When Brian Schimel showed up at Mosier Community Schools for a job interview, he knew he had found a place he wanted to work.
“I loved the feel of the school and I loved the energy and the positive vibe,” he said.
Luckily for him, he got the job. Schimel began his position July 8 as the new executive director of Mosier Community Schools in the wake of previous director Carole Schmidt’s retirement.
Schimel brings with him 21 years of educational experience, most recently as principal of Highland Hills Elementary School in Hermiston. He has worked as an administrator at the elementary, middle and high school levels and taught classes ranging from physical education to math.
He said the outdoor recreation and proximity to family in Portland attracted him to Mosier. He also likes the idea of overseeing a charter school.
“One of the attractions for me is as long as you are producing great results, excellent test scores, excellent students, then the requirements are not as strict.
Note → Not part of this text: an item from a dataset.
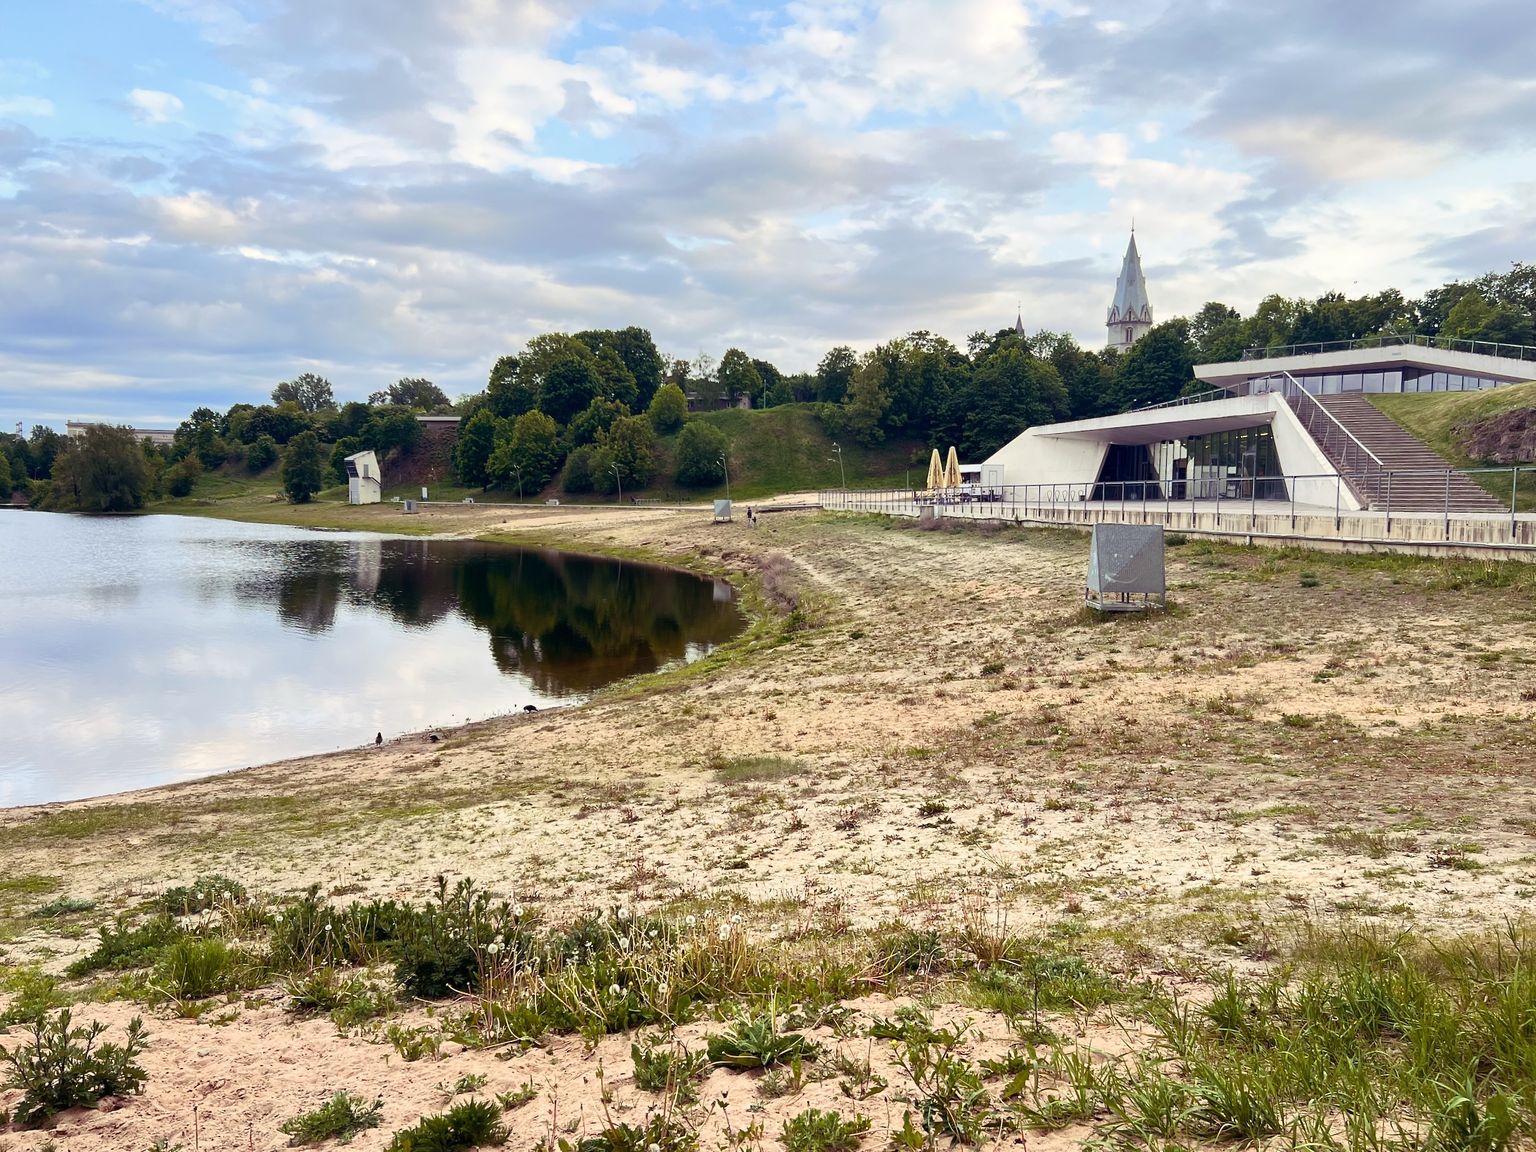 Нарвский городской пляж Йоаорг в Липовой ямке был в прошлом песчаным, но за несколько последних лет он сильно зарос травой.

It allows for more creativity, and I like the creative aspect,” he said.
Schimel had only been on the job for a day and a half when he spoke with The Chronicle Tuesday and said he was still in “exploration mode,” but he has already talked to several board members and staff members. He said he was working on a staff survey and hoped to hear from parents as well.
“I’m collecting as much data and information as I can,” he said. “I do have a lot of ideas; however, the intelligent way is to make sure I’ve built capacity with board members and staff before I make any major changes.”
Schimel said he is aware that he is inheriting some controversy that has gone on between board members, administrators and parents, but is still “learning the local environment” and hasn’t delved into those conflicts enough to comment on them yet. However, that doesn’t mean that he plans to ignore them.
“If there’s some issues that need to be solved, let’s tackle it head on,” he said.
He said he is looking forward to the first day of school, when he can start enjoying face-to-face interactions with students. He said administrative work is important but the best part of any job in education is interacting with students.
Until those students walk through the door in September, however, he has plenty of work to do. That includes trying to talk to as many staff members, board members, parents and students as possible so that Schimel has a good idea of what the schools’ stakeholders want.
“I’m very excited to be in Mosier, very proud, very lucky, and the fact that this is a charter school makes it even more exciting to me because it gives us some options that they may not have in other schools,” he said.